3. Experimental Results

3.1. Local EA-CSF Reproducibility

The stability and reliability of the proposed local EA-CSF measure were tested using a dataset with a large set of scan/rescan MRIs. Two human phantoms (young male subjects, age 26, and 27), were scanned with the same pulse sequence at four different sites using Siemens 3T Tim Trio scanners, at irregular intervals over 2.5 years. This resulted in 35 MRI scans for subject I and 31 MRI scans for subject II. The tissue segmentation, brain surface reconstruction, and computation of local EA-CSF maps were performed independently.

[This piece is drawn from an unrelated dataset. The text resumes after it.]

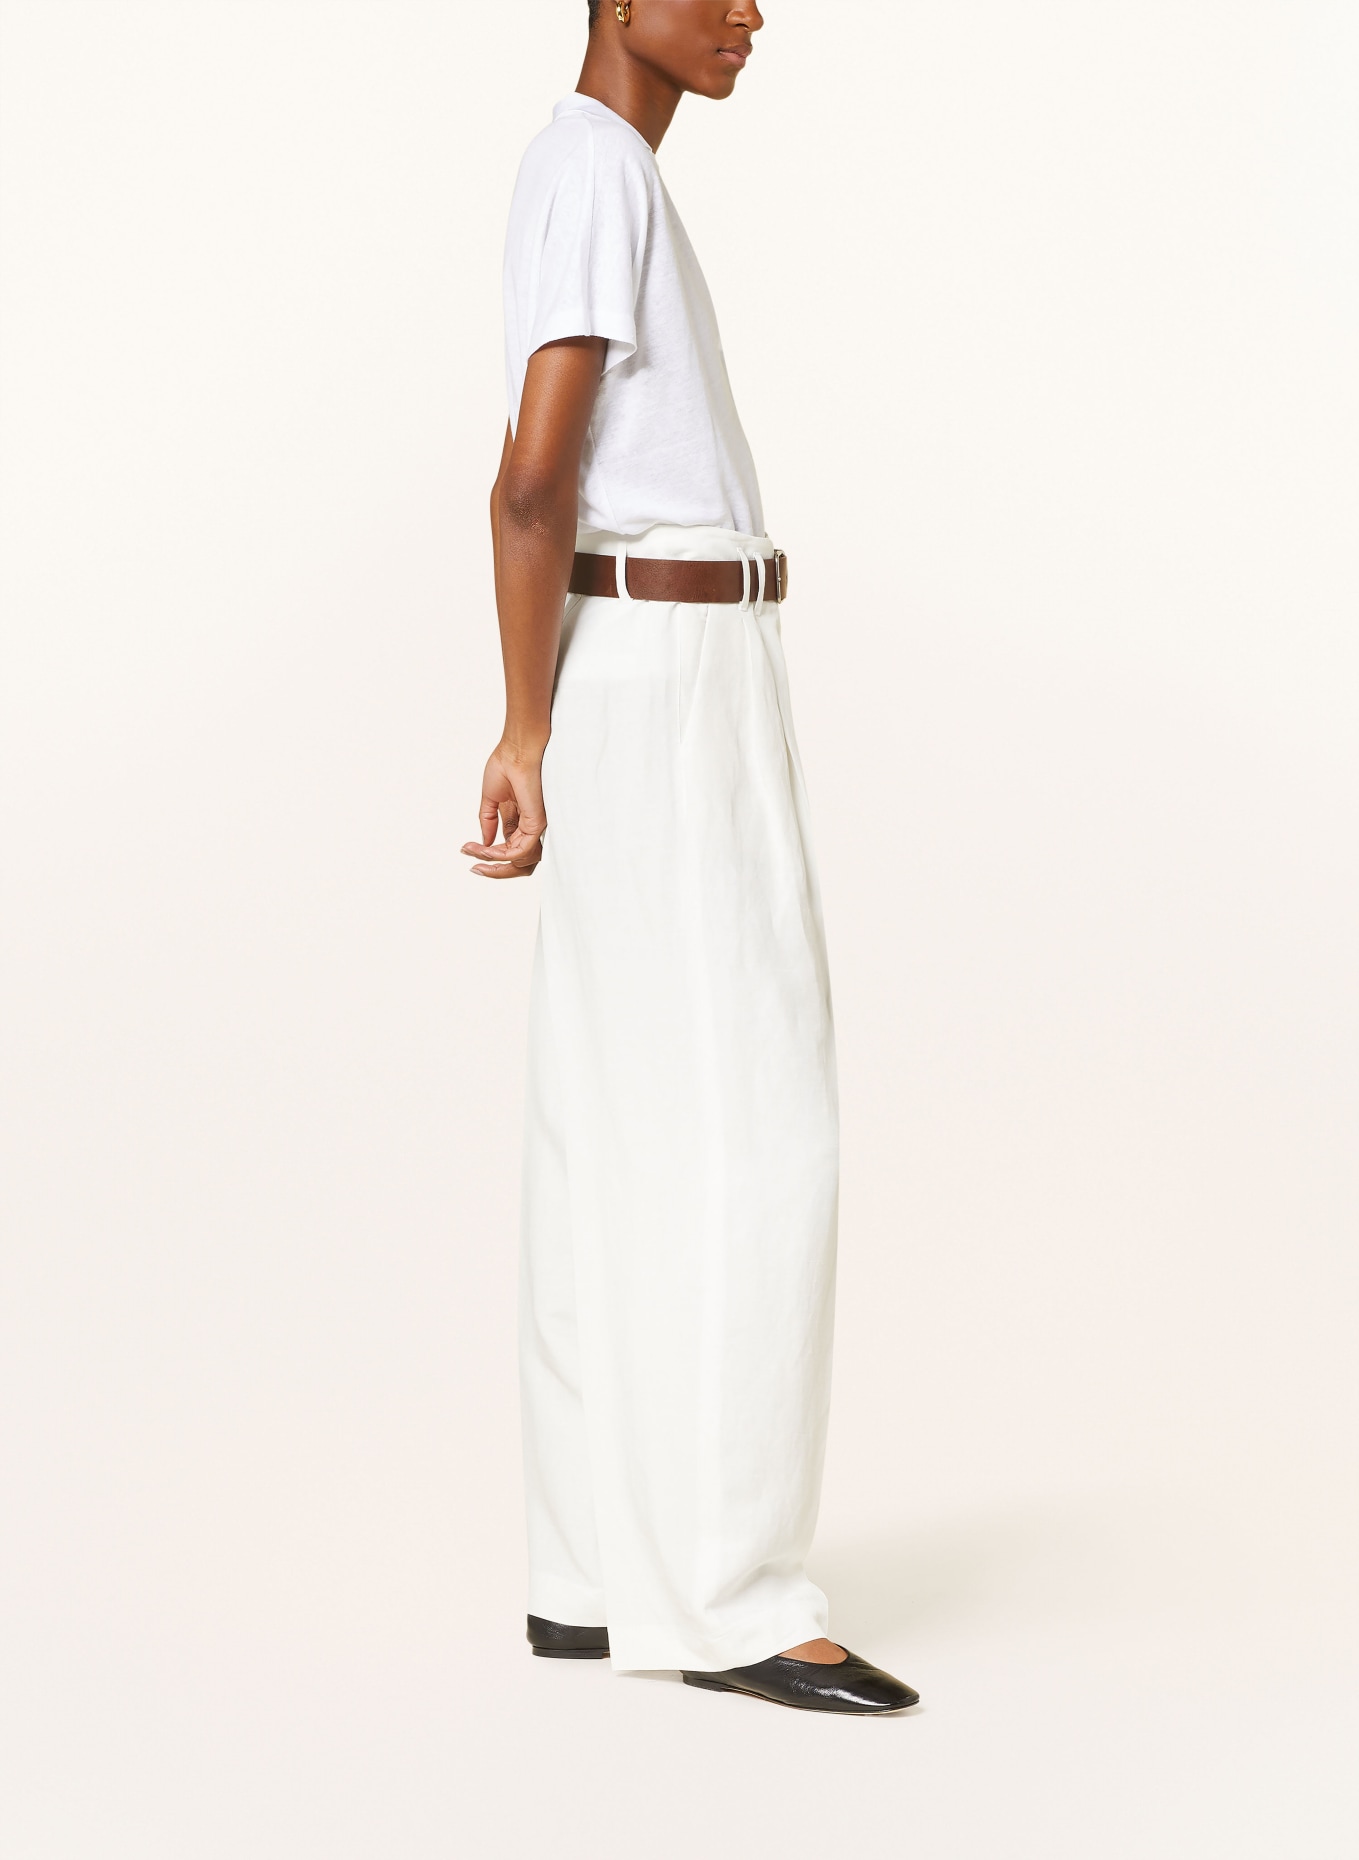 RAFFAELLO ROSSI Trousers MAYLA with linen, Color: CREAM (Image 4)

Local EA-CSF maps were then analyzed using the local coefficient of variation (CV) as a measure of stability. The CV for a vertex v is defined as the ratio between the standard deviation and mean of the extracted local EA-CSF across diffident scans of the same subject:

CVv=σvμv×100.    (4)

It is noteworthy that the EA-CSF spaces in these two adult subjects were visually smaller than those we observed in our infant dataset. In general, in our experience infants have visually larger EA-CSF spaces than adults. It is thus likely our results yield a conservative estimate of the expected reproducibility in the infant settings.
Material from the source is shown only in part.